Court of Appeals of Wisconsin
May 21, 1991
163 Wis. 2d 420 (Wis. Ct. App. 1991)

Summary

In Hanson, this court rejected the contention that the reliability of a first-time informant had not been sufficiently established, holding that "there must always be a first time for the use of an informant, and if sufficient care is taken to verify his or her information, such as through a controlled buy, there is no constitutional reason for us to consider it insufficient."

Summary of this case from State v. Pantoja

Opinion

No. 90-2030-CR.

Submitted on briefs April 2, 1991. —

Decided May 21, 1991.

APPEAL from a judgment of the circuit court for Milwaukee county: LAURENCE C. GRAM, JR., Judge. Affirmed.

For the defendant-appellant the cause was submitted on the briefs of Virginia A. Pomeroy, assistant state public defender, of Milwaukee.

For the plaintiff-respondent the cause was submitted on the briefs of James E. Doyle, attorney general, by Stephen W. Kleinmaier, assistant attorney general, of Madison.

Before Moser, P.J., Sullivan and Fine, JJ.



Eddie Hanson (Hanson) appeals from a judgment convicting him of one count of cocaine possession with intent to deliver in violation of secs. 161.16(2)(b)1 and 161.41(1m)(c)3, Stats. (1987-88). Following a controlled buy by an informant, the Milwaukee Police Department obtained a no-knock search warrant for Hanson's house on North 29th Street in Milwaukee. The search produced 144 grams of cocaine and three revolvers in Hanson's possession. Hanson was charged on September 9, 1988.

Hanson waived his right to a preliminary hearing, and on August 18, 1989, he filed a motion to suppress the evidence found during the search. Hanson contended that the search warrant was invalid because the affidavit used to get the warrant did not show informant reliability, nor was there a justification for a no-knock search. Hanson's motion was argued before, and denied by, the trial court on December 8, 1989.

Hanson pled guilty to the charge on January 25, 1990. He was sentenced to five years in prison on March 23. Hanson now appeals raising the same two arguments that he raised during the suppression motion hearing. We reject both arguments and affirm.

The first issue is whether the search warrant was invalid because it was grounded on information from an informant whose reliability had not been sufficiently proven. Hanson contends that an informant's participation in a controlled buy is insufficient grounds for the issuance of a warrant. He believes that the law requires an informant to have a "track record" established with the police.

When reviewing the sufficiency of an affidavit for a search warrant, we give great deference to the issuing magistrate's determination of probable cause.

State v. Anderson, 138 Wis.2d 451, 469, 406 N.W.2d 398, 407 (1987).
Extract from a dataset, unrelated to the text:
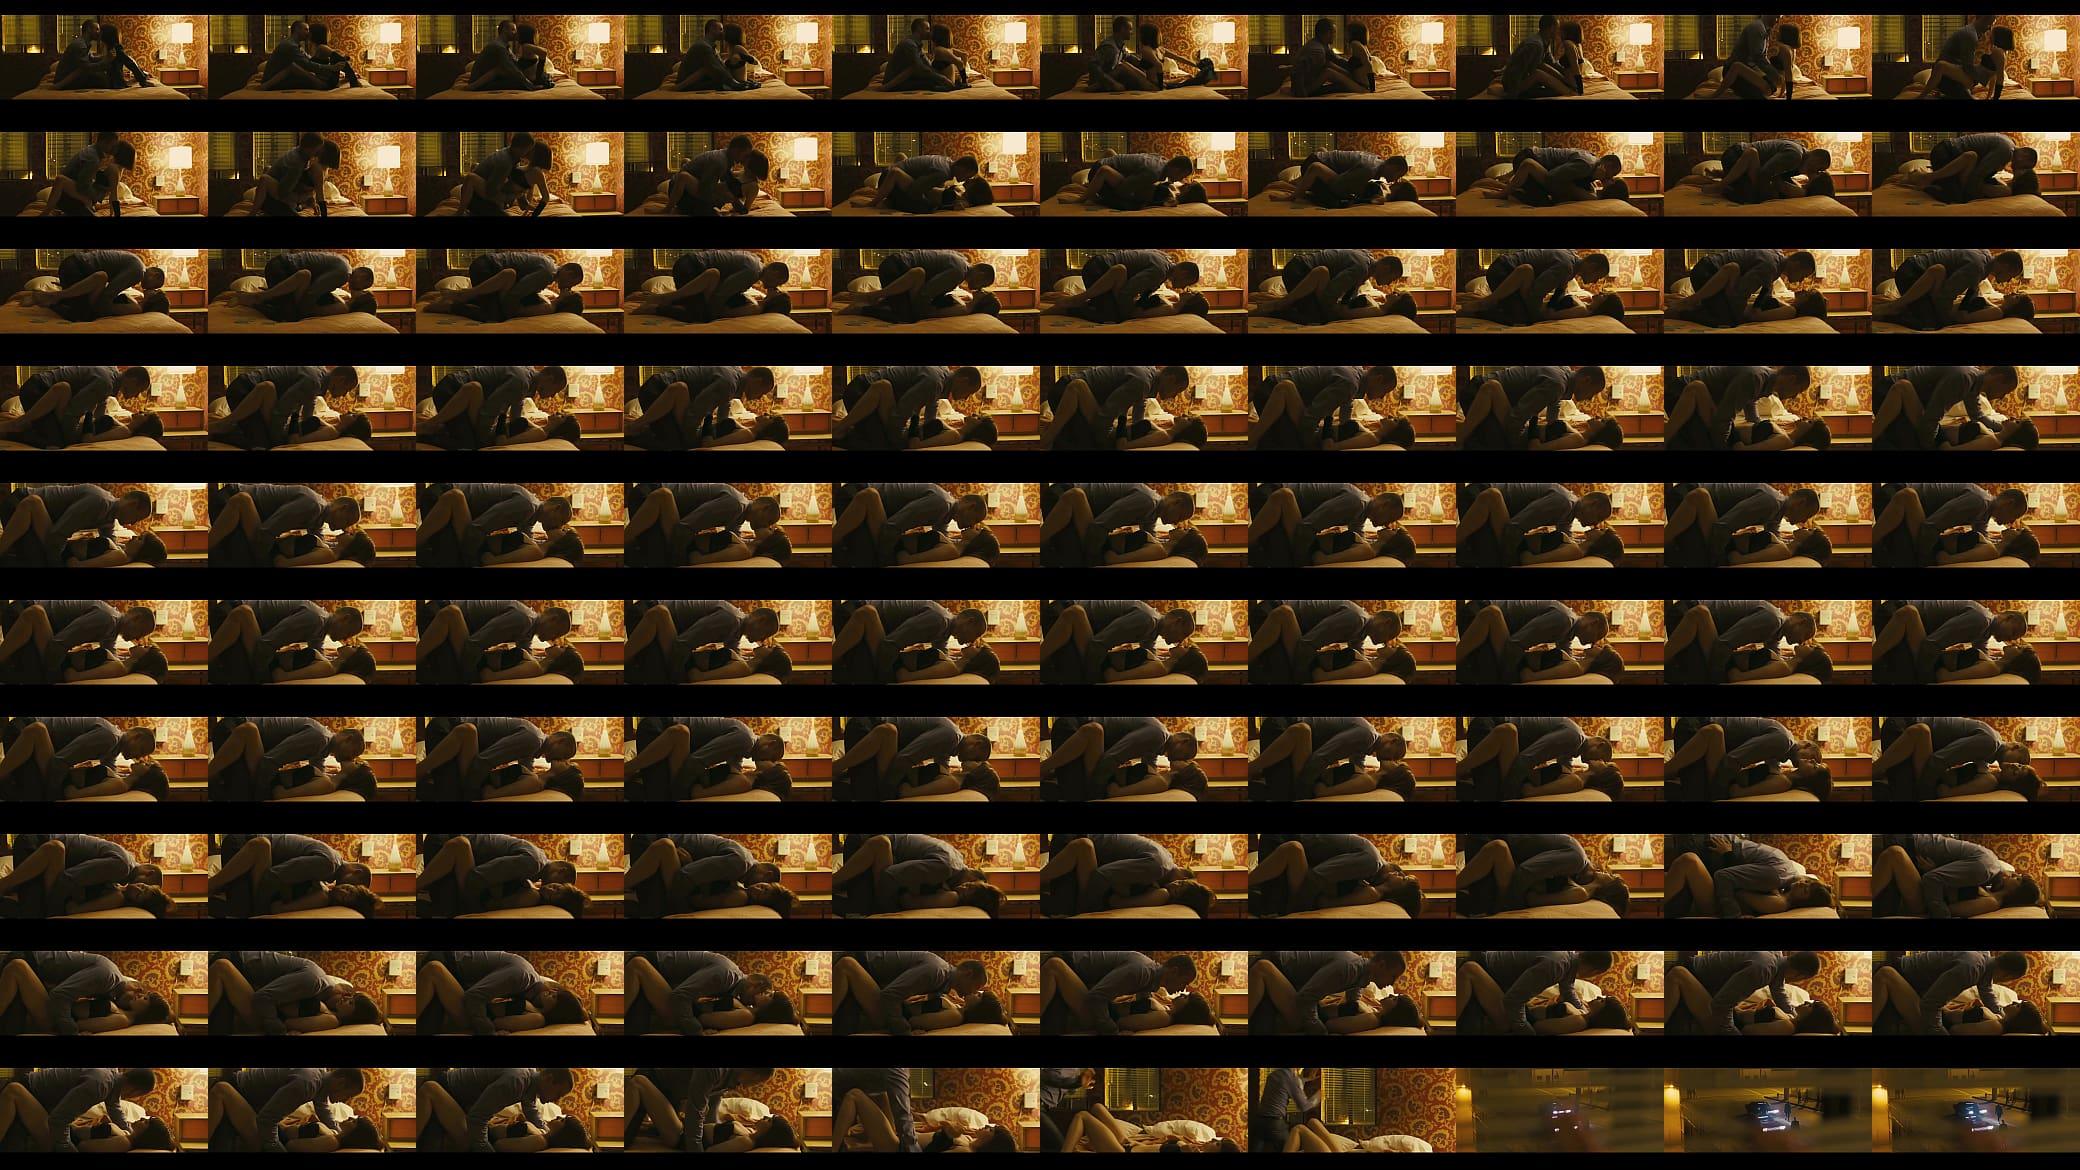 Amanda Seyfried Nude Big Love amanda seyfried in in time - xvideos

The task of the issuing magistrate is simply to make a practical, common-sense decision whether, given all the circumstances set forth in the affidavit before him, including the "veracity" and "basis of knowledge" of persons supplying hearsay information, there is a fair probability that contraband or evidence of a crime will be found in a particular place. And the duty of a reviewing court is simply to ensure that the magistrate had a "substantial basis for. . . conclud[ing]" that probable cause existed.

Illinois v. Gates, 462 U.S. 213, 238-39 (1983) (citation omitted); see Anderson, 138 Wis.2d at 468, 406 N.W.2d at 406.

Hence, this leaves the warrant-issuing magistrate a totality-of-the-circumstances test to apply in determining whether there is probable cause to issue a warrant.

In this case, the totality-of-the-circumstances test was clearly met by the controlled buy. One author has stated that one "situation in which the corroboration will suffice to show veracity is that in which the informant has not been working independently, but rather has cooperated closely with the police, as is true when the information makes a controlled purchase of narcotics." Detective Richard Tarczynski, in his affidavit supporting the request for the search warrant, stated that the informant had told him that he could purchase cocaine at the North 29th Street address. Having taken the informant to the address, Tarczynski searched him, gave him money to buy cocaine, watched the informant enter the residence, return from the residence, and come directly to him. Tarczynski then received cocaine from the informant and searched him to show that the informant had neither money nor additional drugs on his person nor in his clothes. The substance was immediately field tested and later tested at the crime laboratory. Both tests were positive for cocaine.

1 W.R. LaFave, Search and Seizure sec. 3.3(3), at 686 (2d ed. 1987).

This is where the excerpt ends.